O método da coloração de Gram é baseado na capacidade das paredes celulares de bactérias Gram-positivas de reterem o corante cristal violeta no citoplasma durante um tratamento com etanol-acetona enquanto que as paredes celulares de bactérias Gram-negativas não o fazem.
7) Pesquise sobre a coloração negativa para cápsulas bacterianas e coloração para endósporos (indique função e corantes usados).
Coloração Negativa para Cápsulas: Alguns microorganismos possuem um revestimento gelatinoso denominado cápsula que se pode determinar a virulência do organismo.Esta coloração é mais difícil, pois a materiais capsulares são solúveis em água, que podem ser desalojados ou removidos durante a lavagem. Assim, pode-se fazer uma solução coloidal fina de partículas coradas (tinta nanquim ou nigrosina) para fornecer um fundo escuro e depois corar por coloração simples, por safranina, por exemplo. Devido a composição química, a cápsula nega a maioria dos corantes biológicos, como a safranina, e o uso do nanquim faz uma coloração negativa, evidenciando o contraste entre o fundo, circundante, e a cápsula.
Coloração para Endósporos: Em condições ambientais adversas, forma-se dentro da célula, uma estrutura resistente, dormente, o Endósporo (Esporo).
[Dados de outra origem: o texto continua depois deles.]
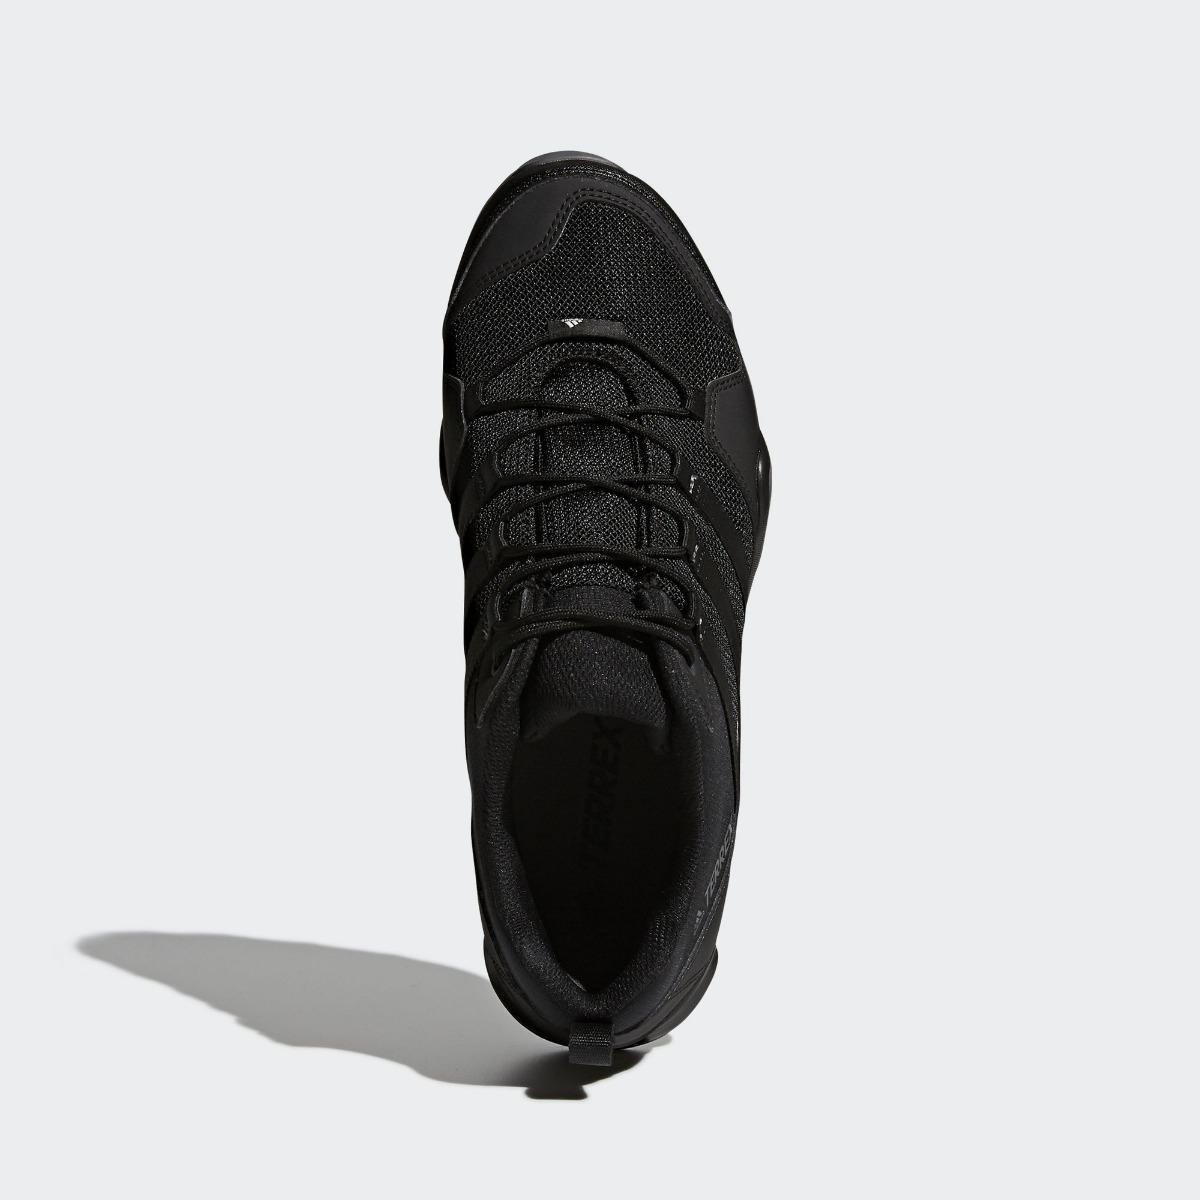 Gran roble código Morse Cercanamente  نداء لتكون جذابة يسلم باليد دغدغة zapatillas adidas terrex ax2r negro gris  - findlocal-drivewayrepair.com
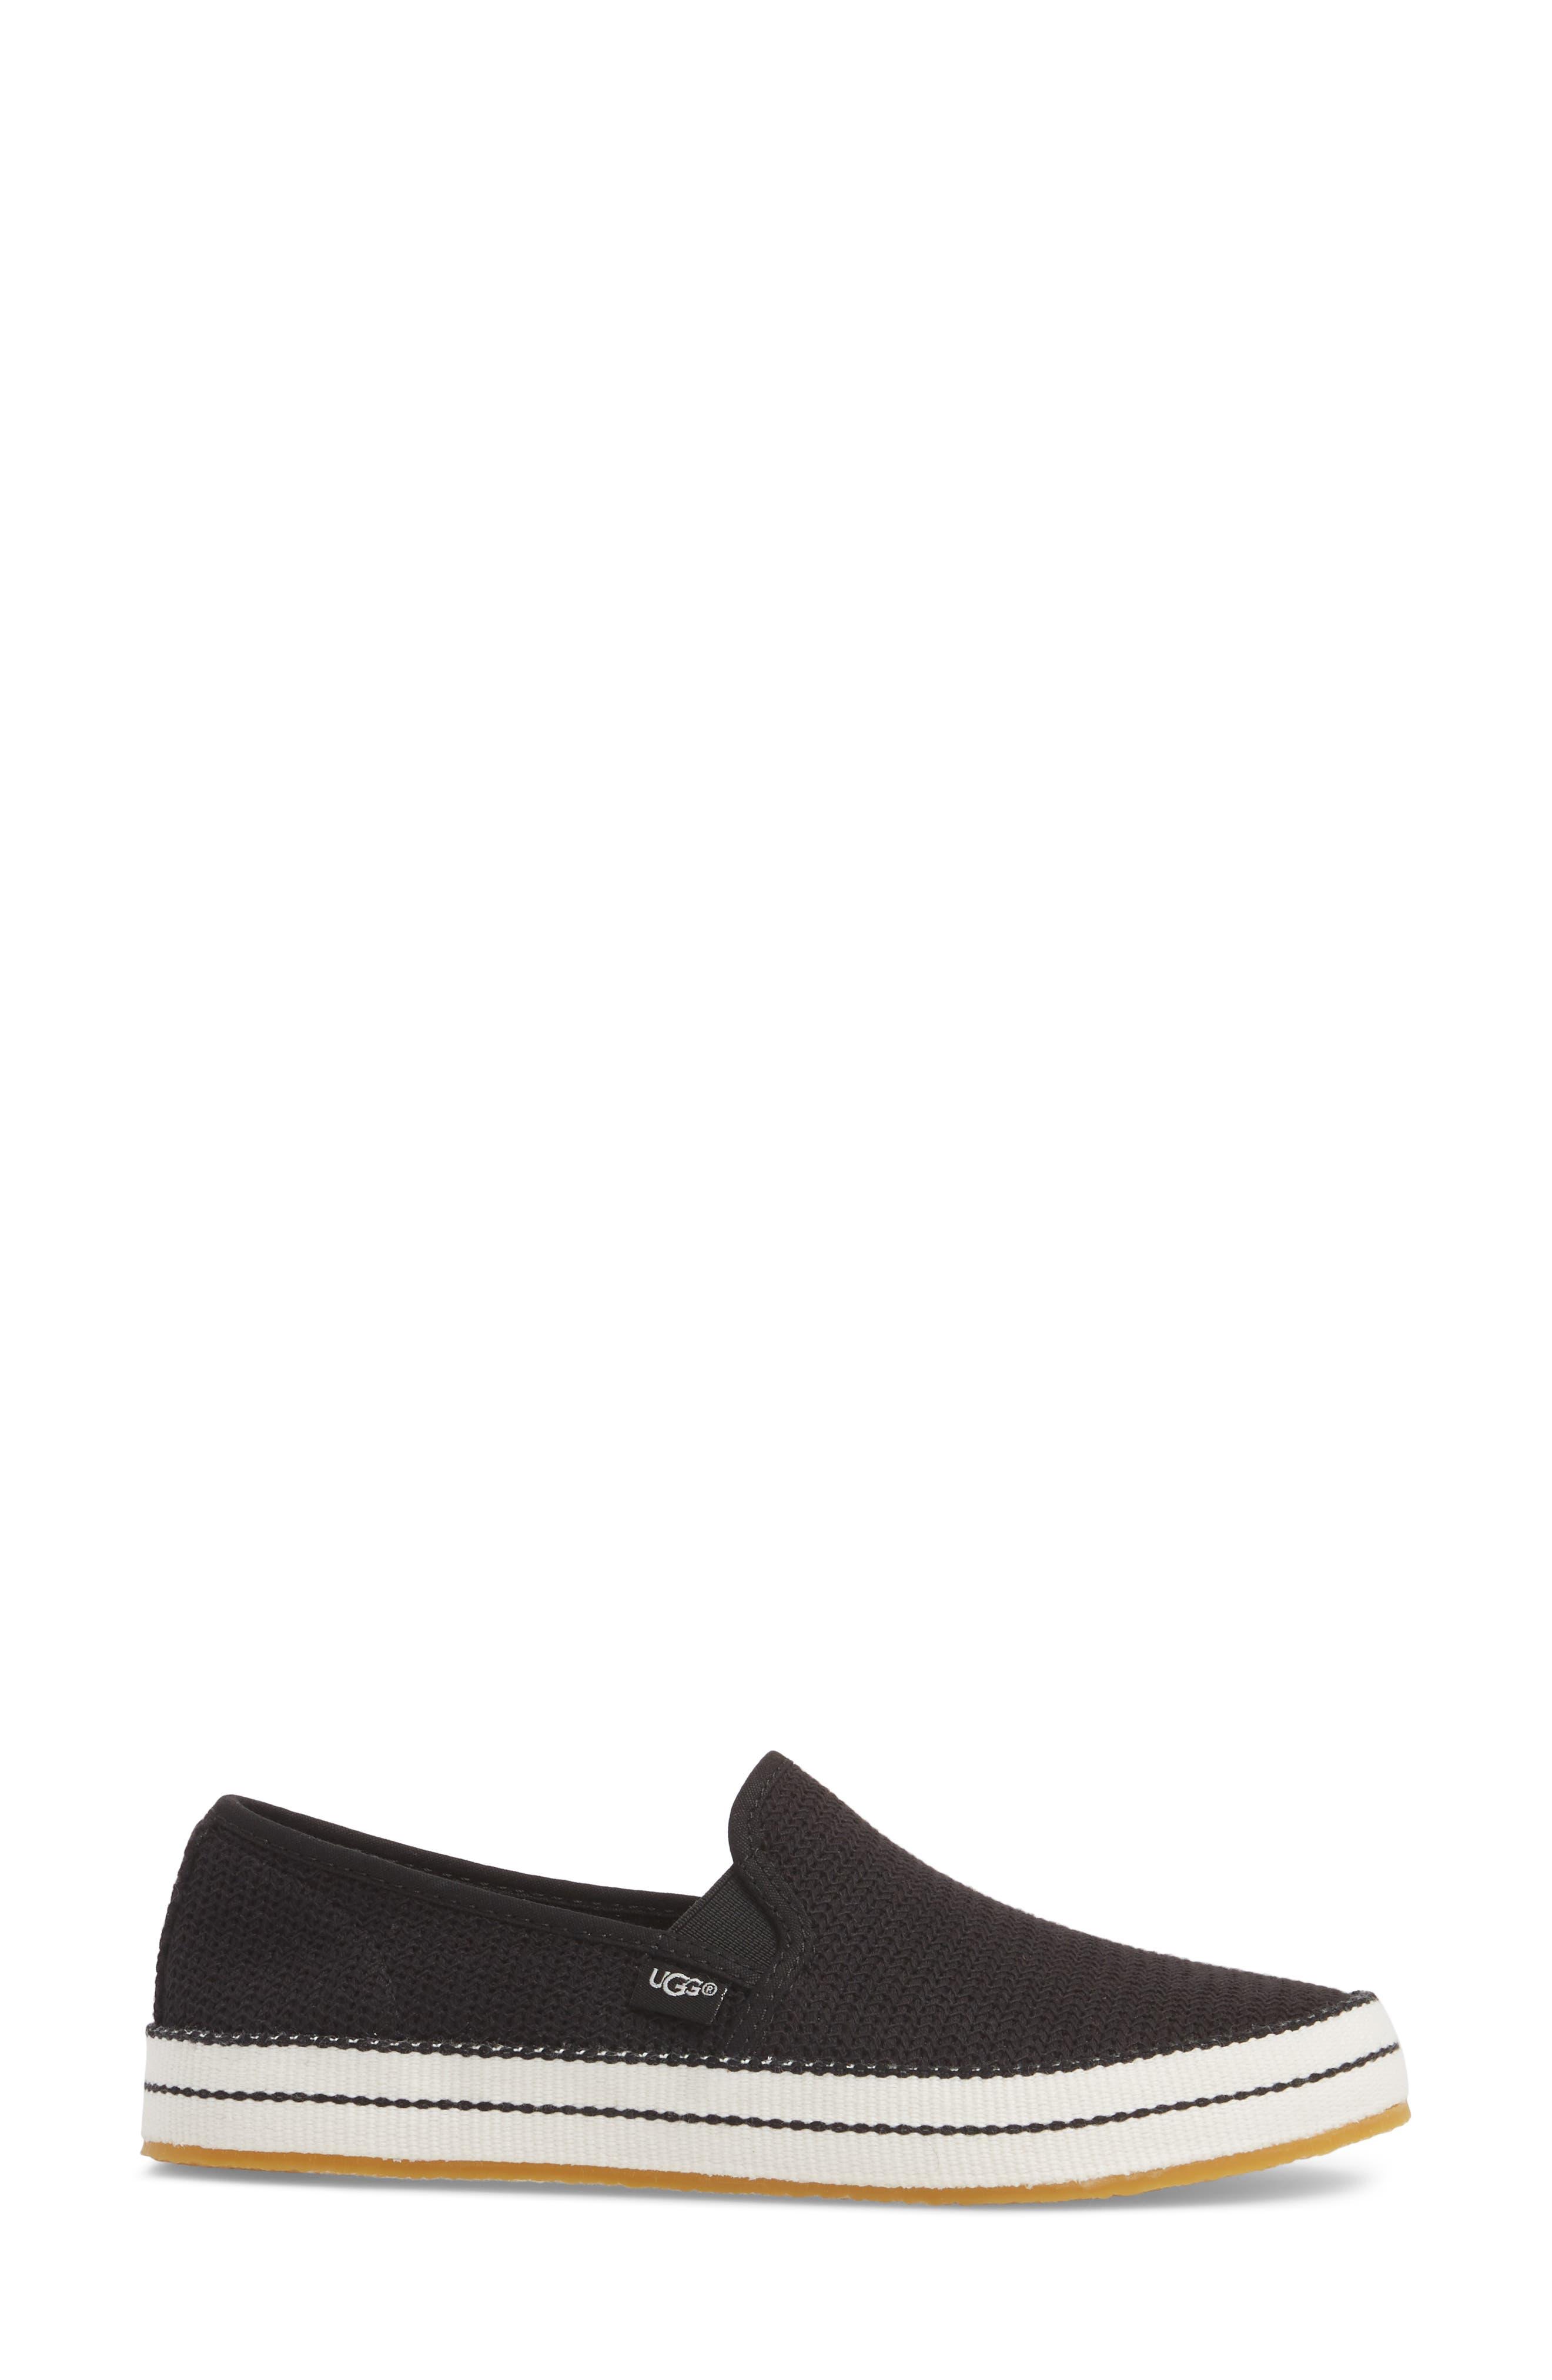 UGG<SUP>®</SUP>, Bren Slip-On Sneaker, Alternate thumbnail 3, color, BLACK

Os esporos não podem ser corados por métodos comuns, de forma que é usado a técnica de Schaeffer – Fulton, onde o verde malaquita é aplicada em esfregaço por calor e aquecido por 5mim (aproximadamente), lava-se por 30 segundos e em seguida aplica-se a safranina para corar as partes da célula que não é endósporo.
Ocular: 10
Objetiva: 100
Aumento: 1000
A que grupo (Gram) pertence o micro-organismo visualizado?
A cultura em placa observada é Gram Negativo.
Ocular: 10
Objetiva: 100
Aumento: 1000
A grupo que (Gram) pertence o micro-organismo visualizado?
A cultura presente no Iogurte é de Gram Positivo.